Given information:
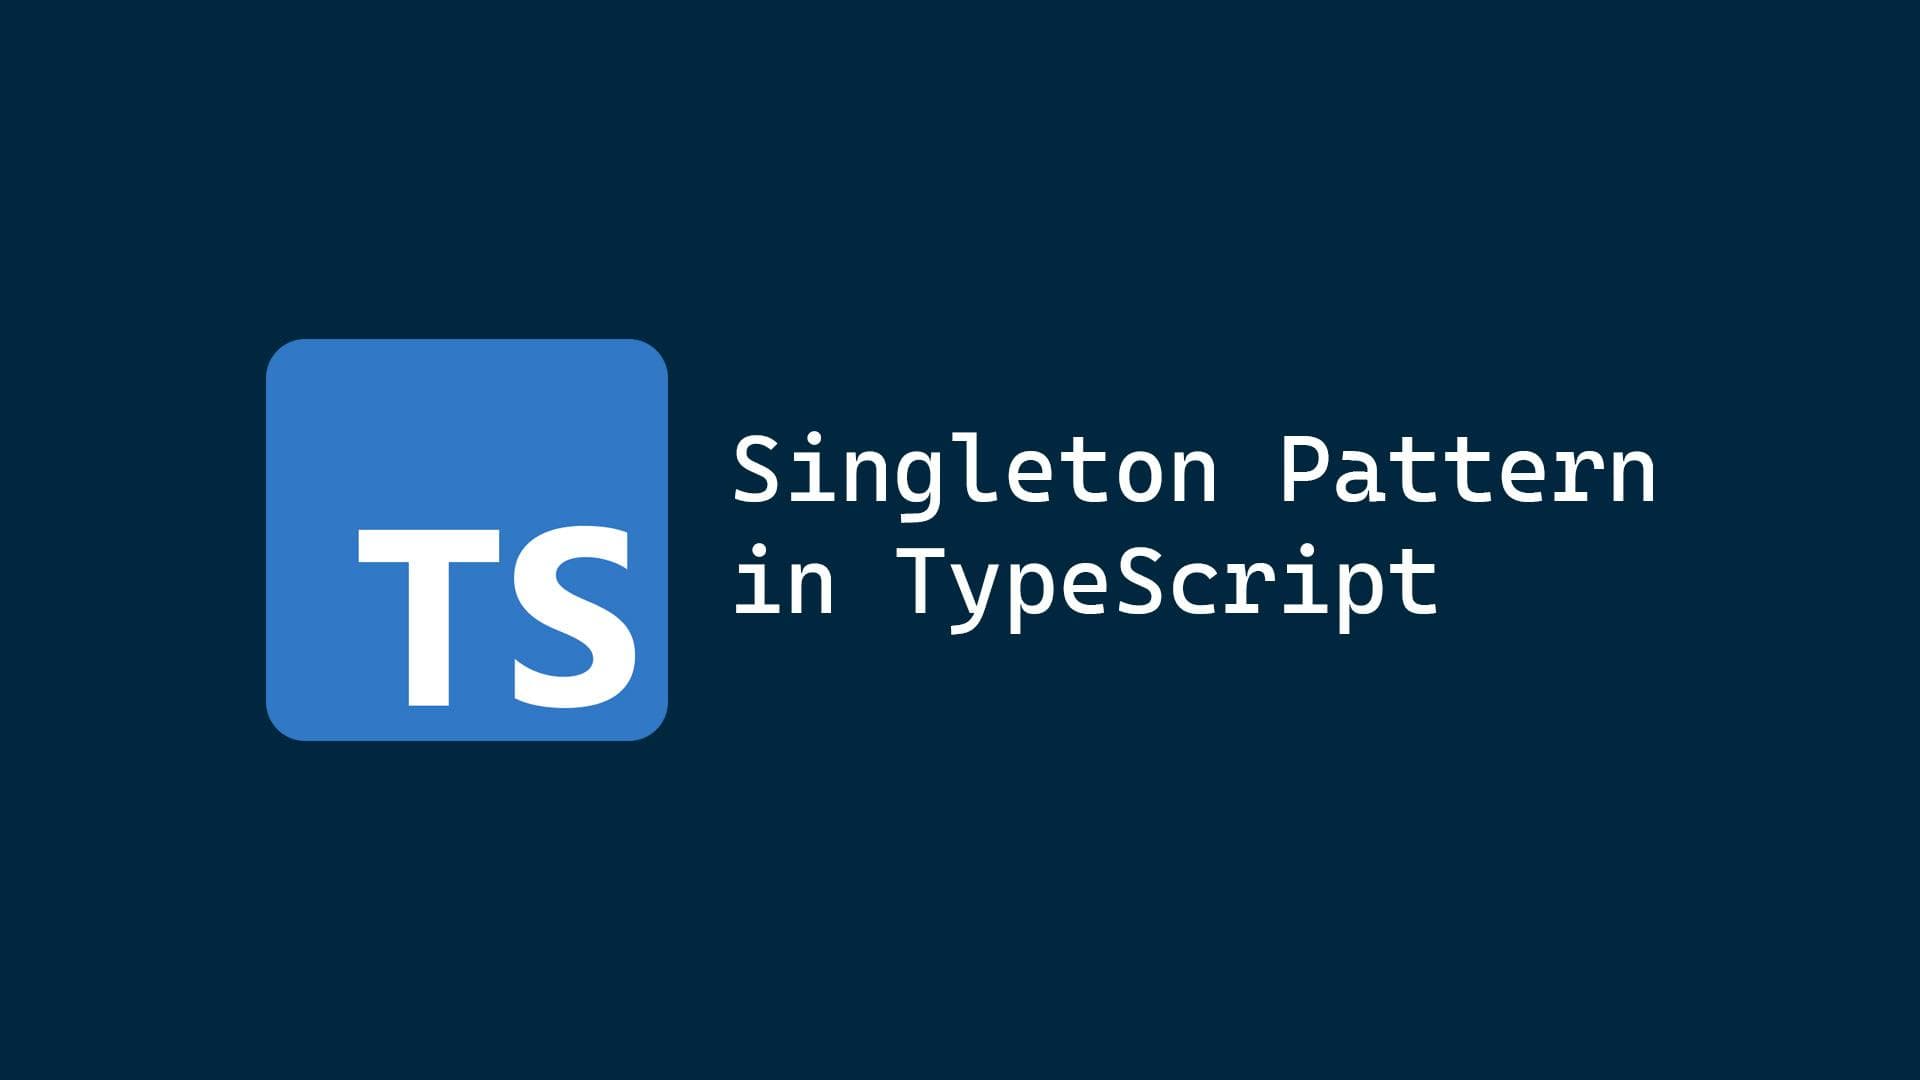 The Singleton pattern in TypeScript
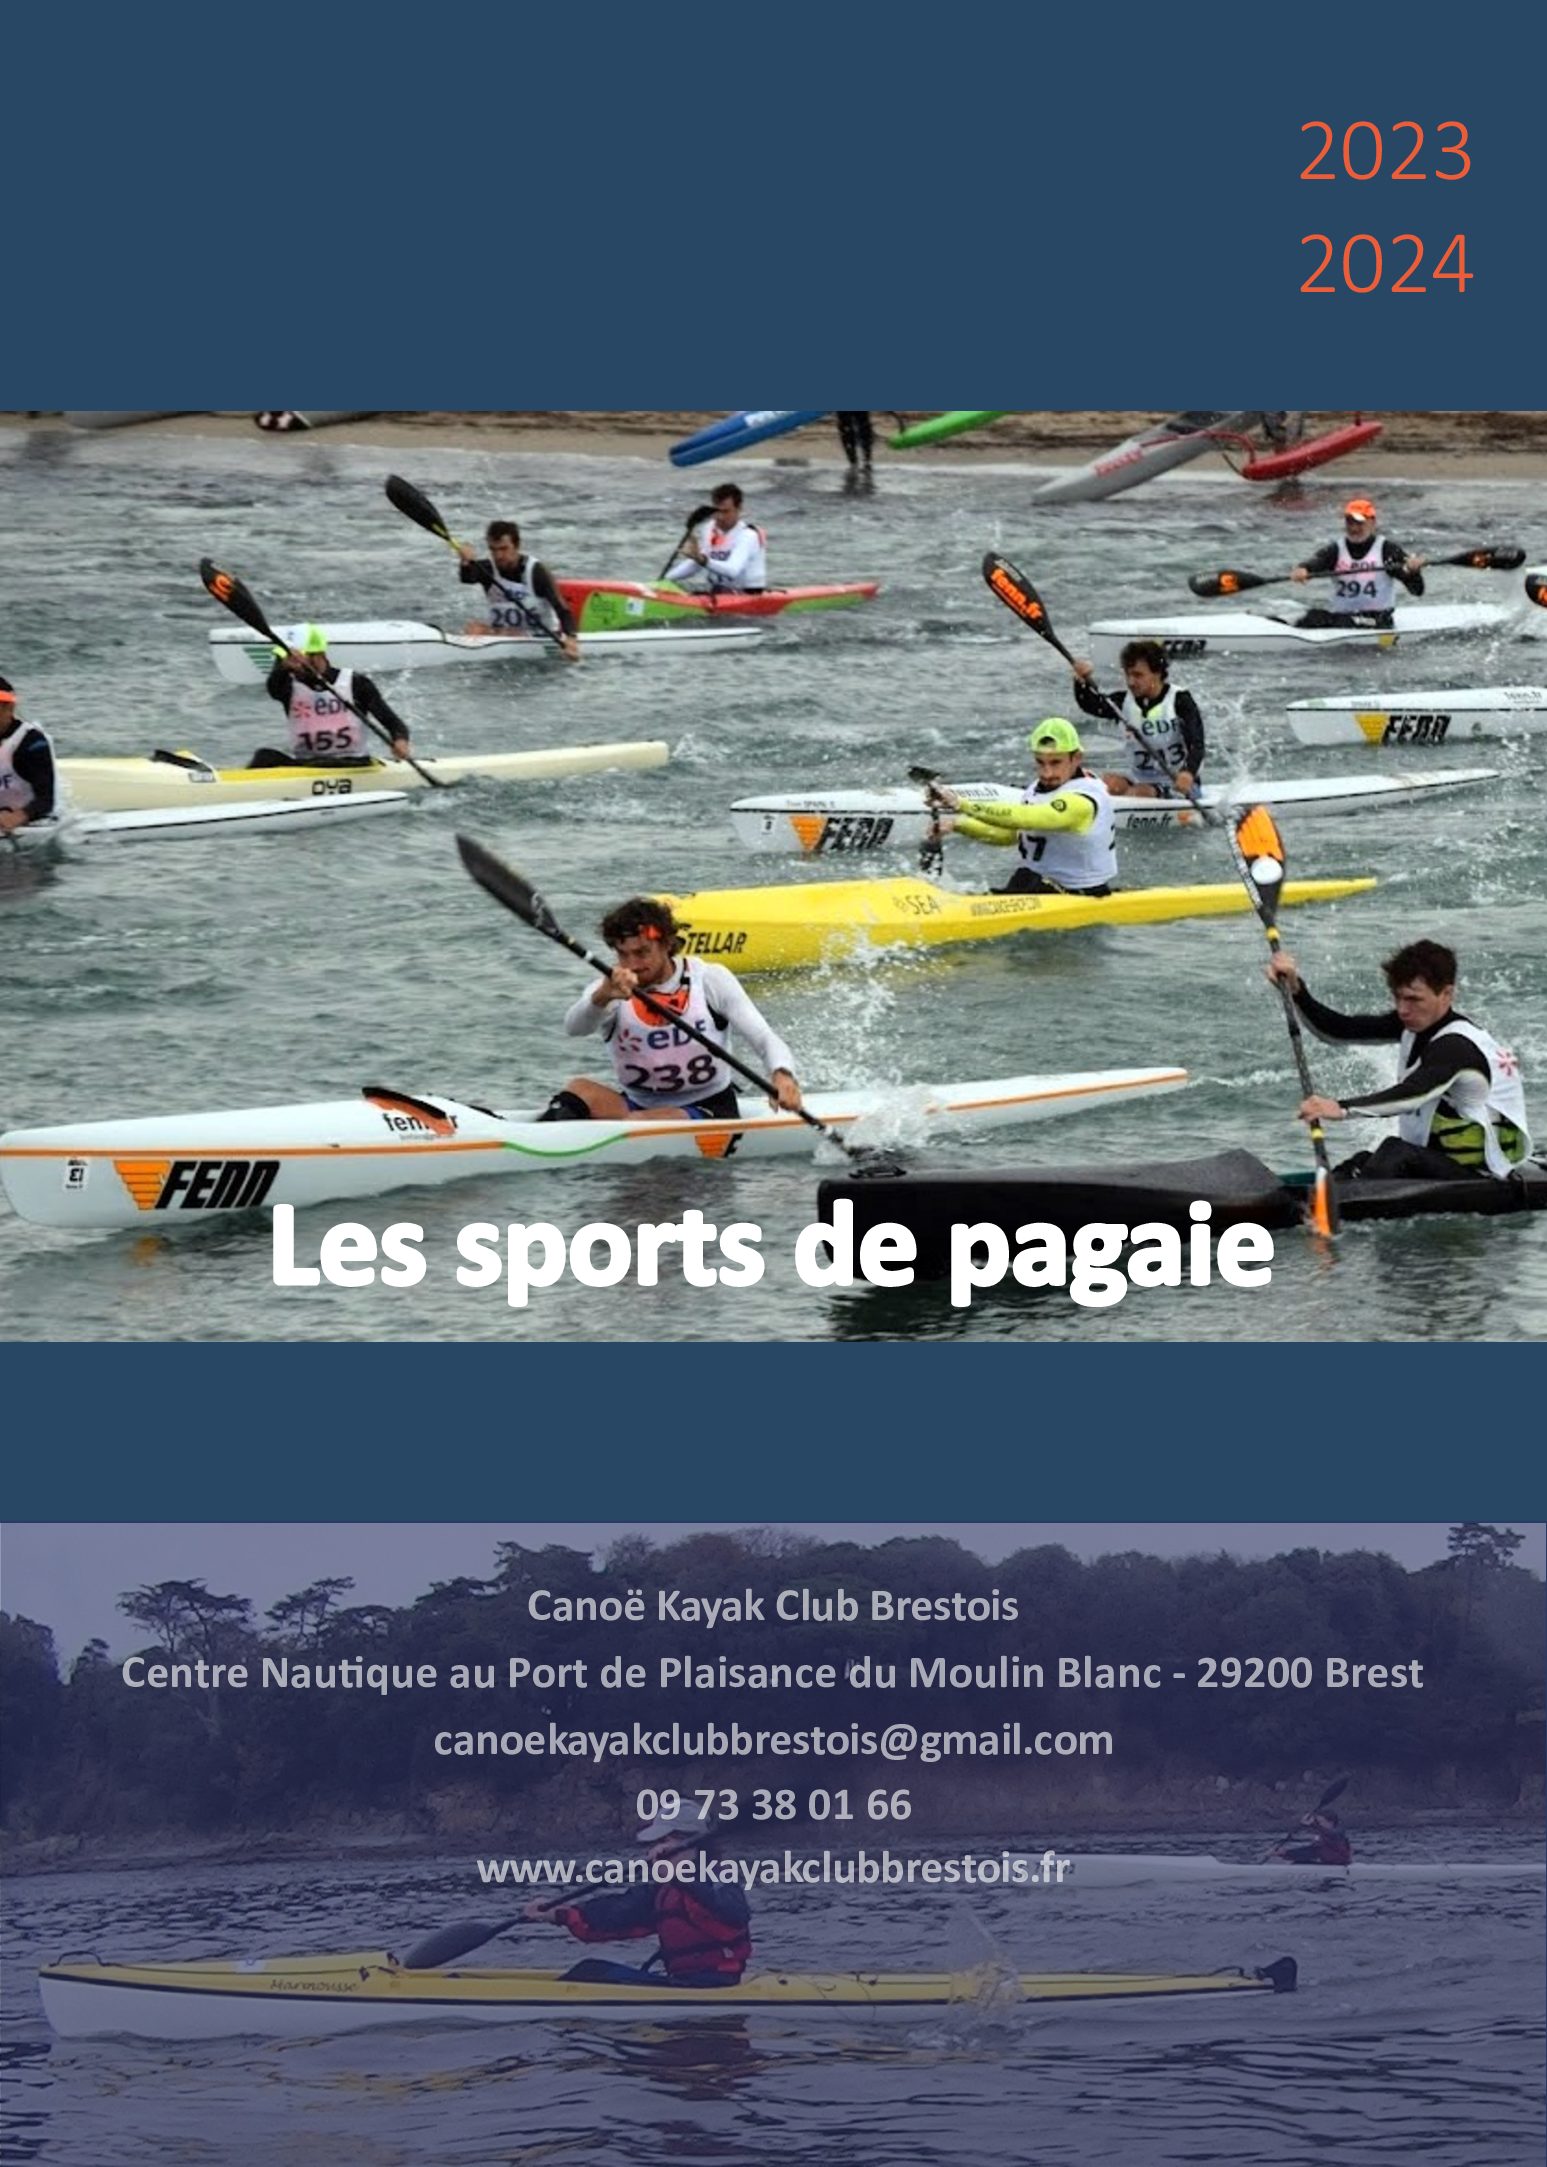 Portes ouvertes au Canoë Kayak Club Brestois – 2 et 9 septembre 2023 – 10h00 à 18h00
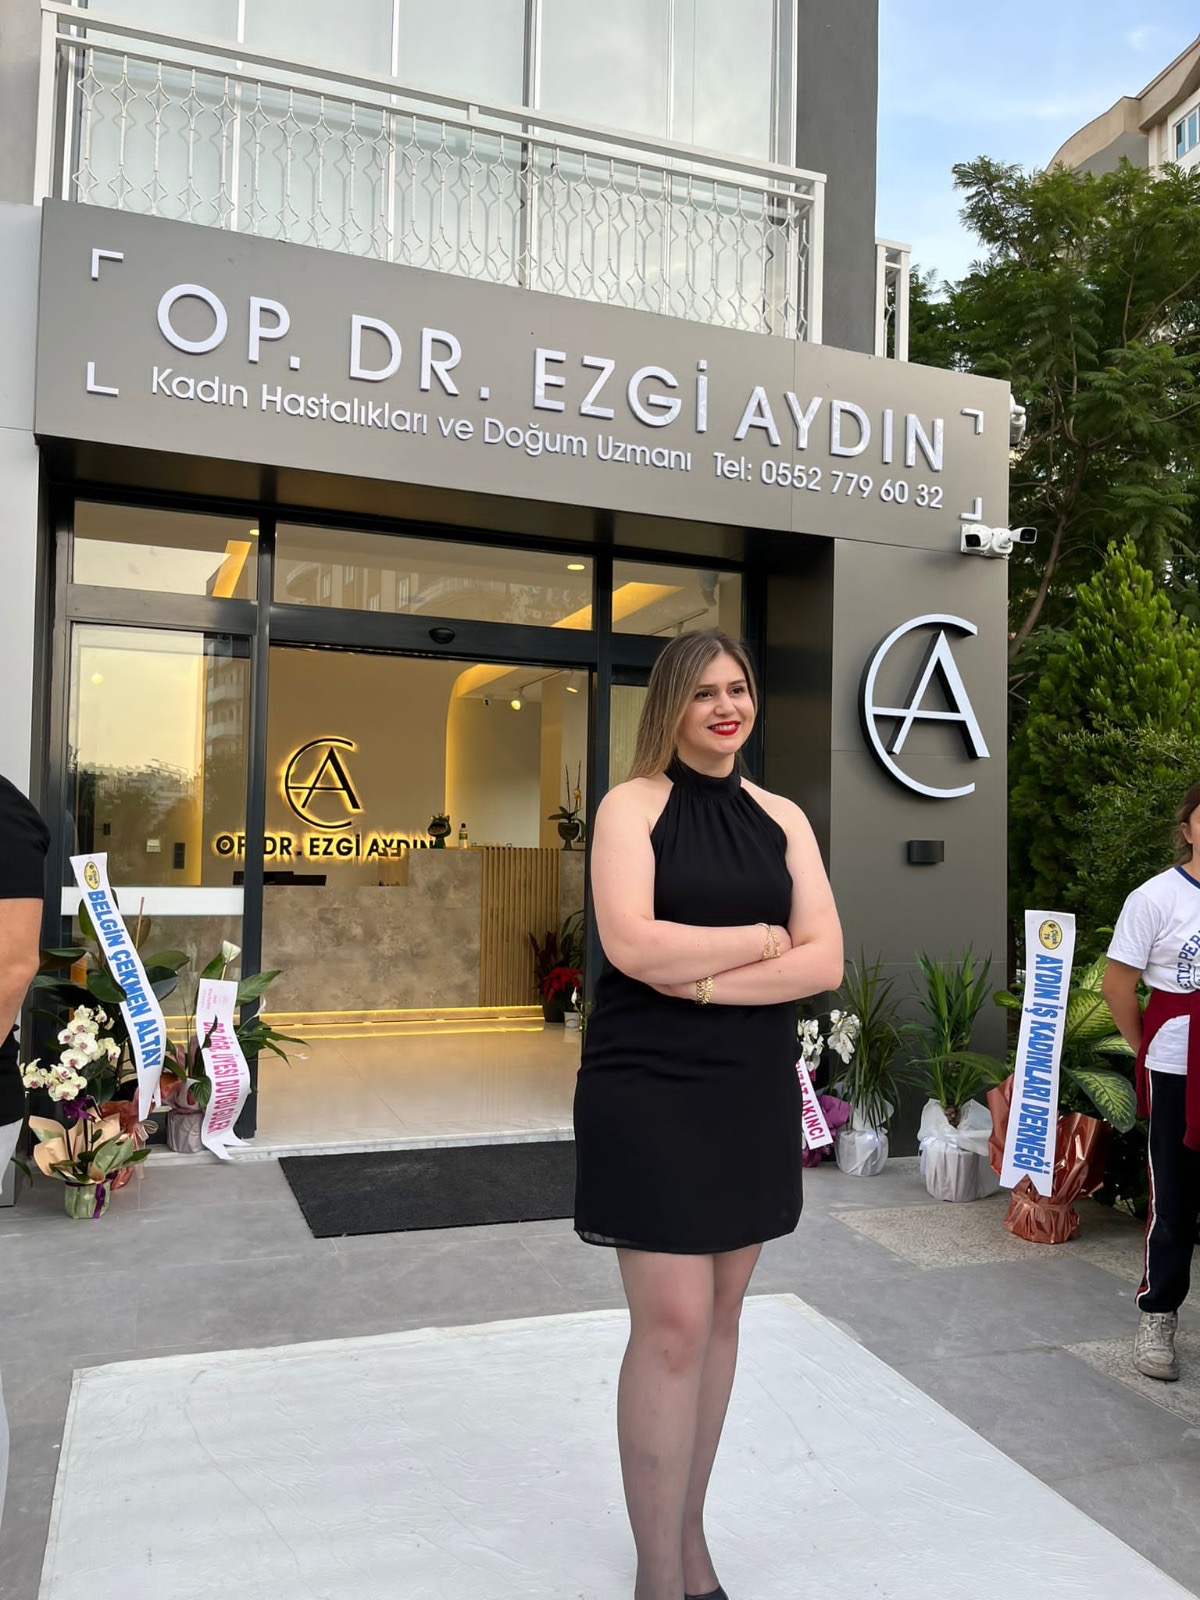 Kadın Hastalıkları ve Doğum Uzmanı Operatör Dr. Ezgi Aydın, yeni kliniğinin açılışını gerçekleştirdi

Instructions to follow:
All lines of the listing must be given again exactly, excluding the pictures.

Answer to this problem:
 The Singleton pattern in TypeScript
 Portes ouvertes au Canoë Kayak Club Brestois – 2 et 9 septembre 2023 – 10h00 à 18h00
 Kadın Hastalıkları ve Doğum Uzmanı Operatör Dr. Ezgi Aydın, yeni kliniğinin açılışını gerçekleştirdi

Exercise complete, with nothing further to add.